Но есть сфера, которая не поддается праву, куда бессилен про­никнуть нивелирующий закон, где всякая законная уравнитель­ность была бы величайшей несправедливостью. Я разумею сферу умственного и нравственного развития, сферу убеждений, чувство­ваний, вкусов, сферу всего того, что составляет умственное и нрав­ственное достояние человека.

Высокоразвитый, полный честных нравственных принципов государственный преступник и безнравственный, презренный раз­бойник, или вор могут одинаково, стена об стену, тянуть долгие годы заключения, могут одинаково нести тяжкий труд рудниковых работ, но никакой закон, никакое положение, созданное для них наказанием, не в состоянии уравнять их во всем том, что состав­ляет умственную и нравственную сферу человека. Что для одного составляет ничтожное лишение, легкое взыскание, то для другого может составить тяжелую нравственную пытку, невыно­симое, бесчеловечное истязание.

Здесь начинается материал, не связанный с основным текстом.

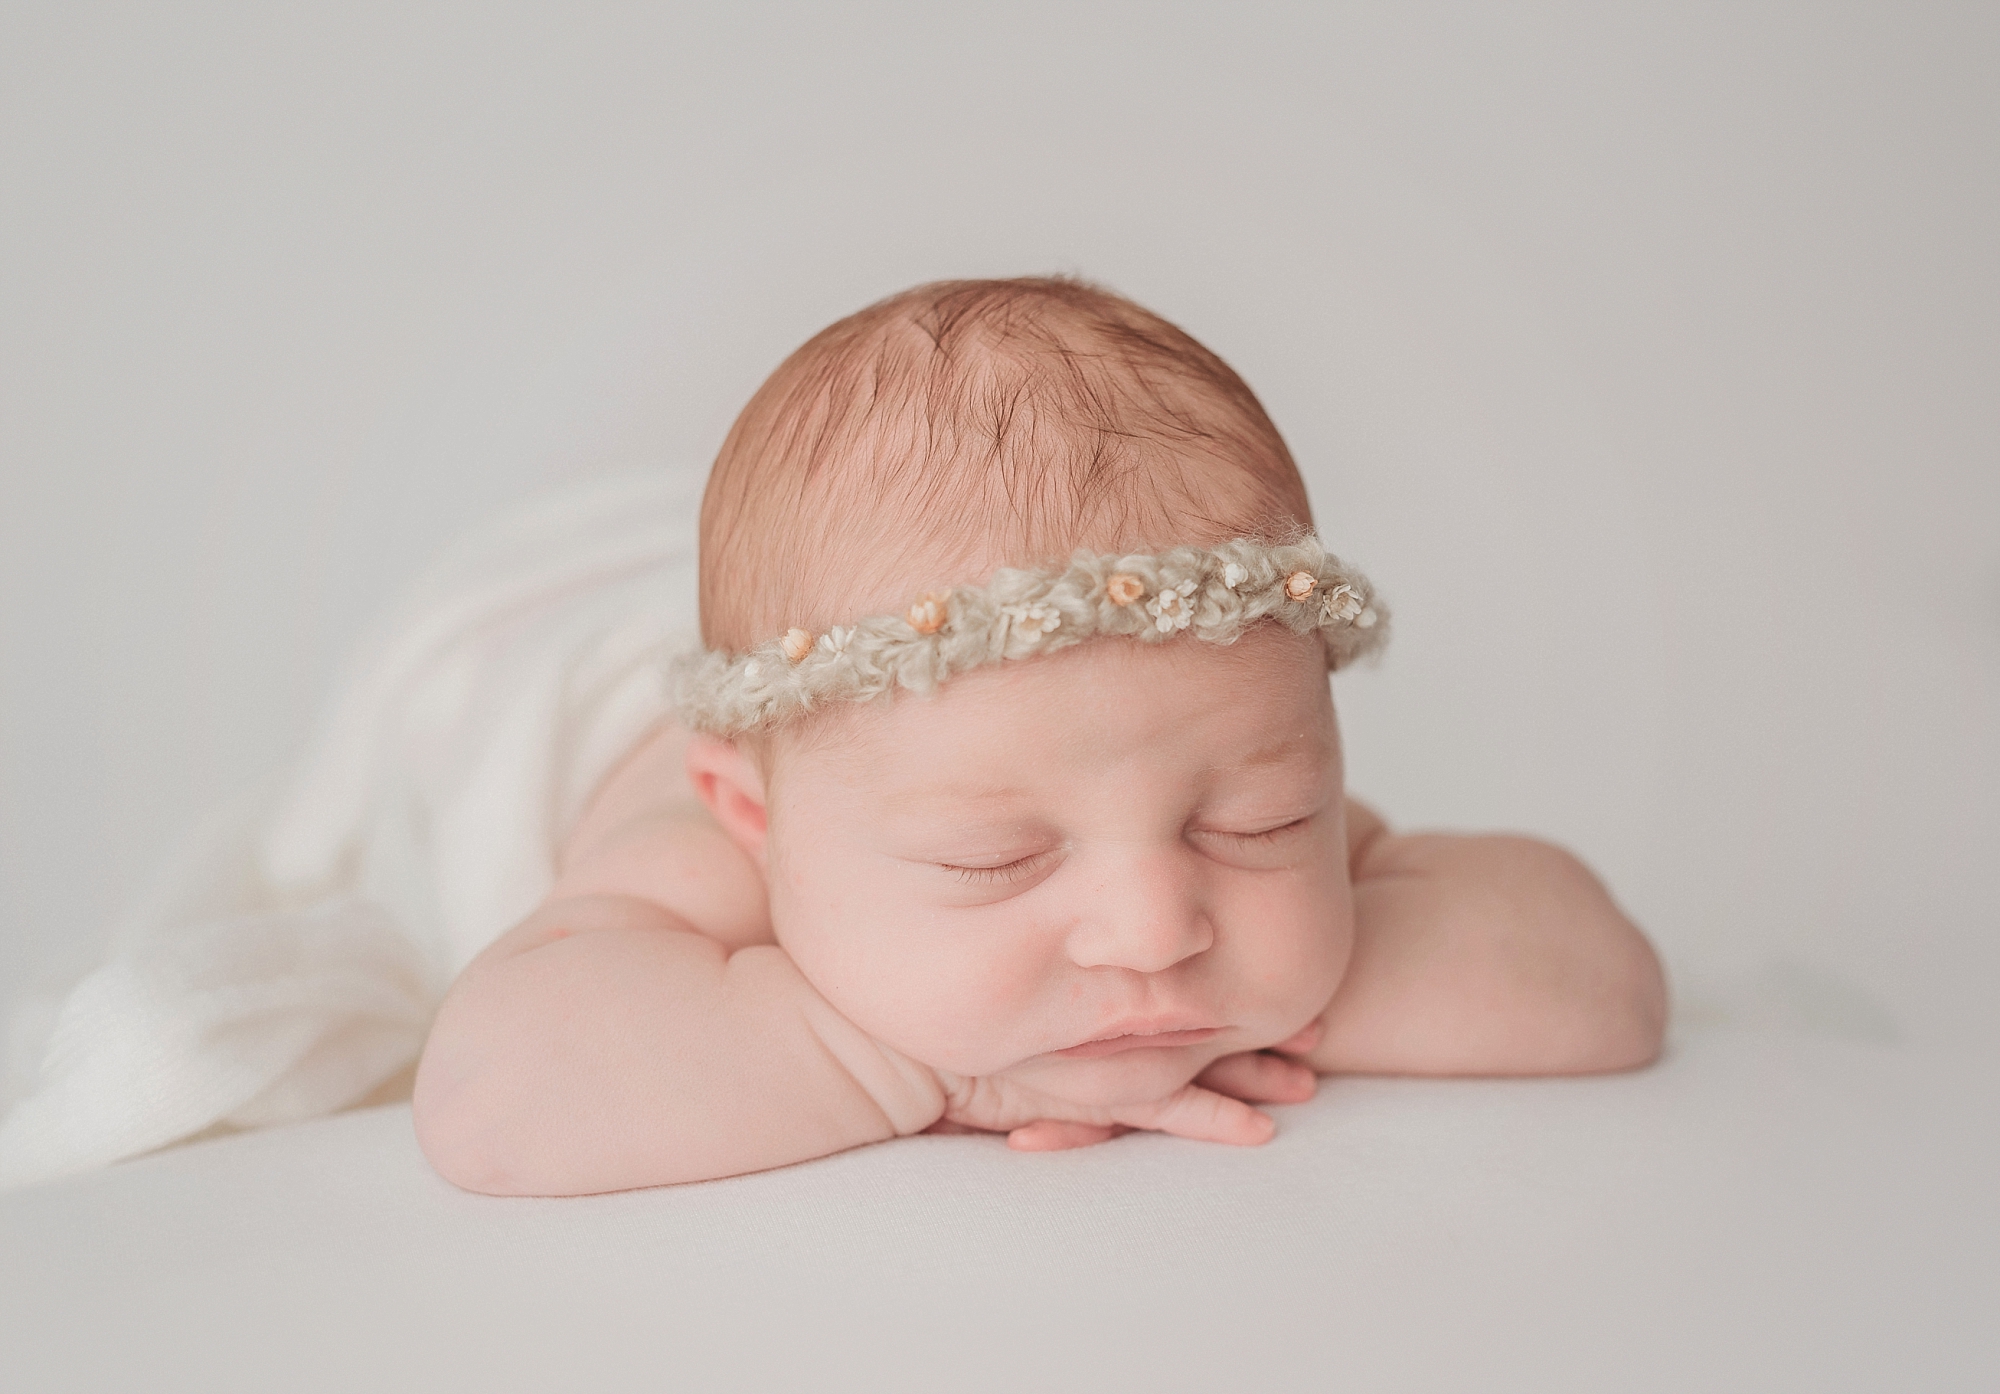 Sleeping newborn baby girl posed with floral crown in San Diego photography studio

Закон карающий может отнять внешнюю честь, все внешние отличия, с ней сопряженные, но истребить в человеке чувство моральной чести, нравственного достоинства судебным приговором, изменить нравственное содержание человека, лишить его всего того, что составляет неотъемлемое достояние его развития, никакой закон не может. И если закон не может предусмотреть все нрав­ственные, индивидуальные различия преступника, которые обуслов­ливаются их прошедшим, то является на помощь общая, присущая человеку, нравственная справедливость, которая должна подска­зать, что применимо к одному и что было бы высшею несправед­ливостью в применении к другому.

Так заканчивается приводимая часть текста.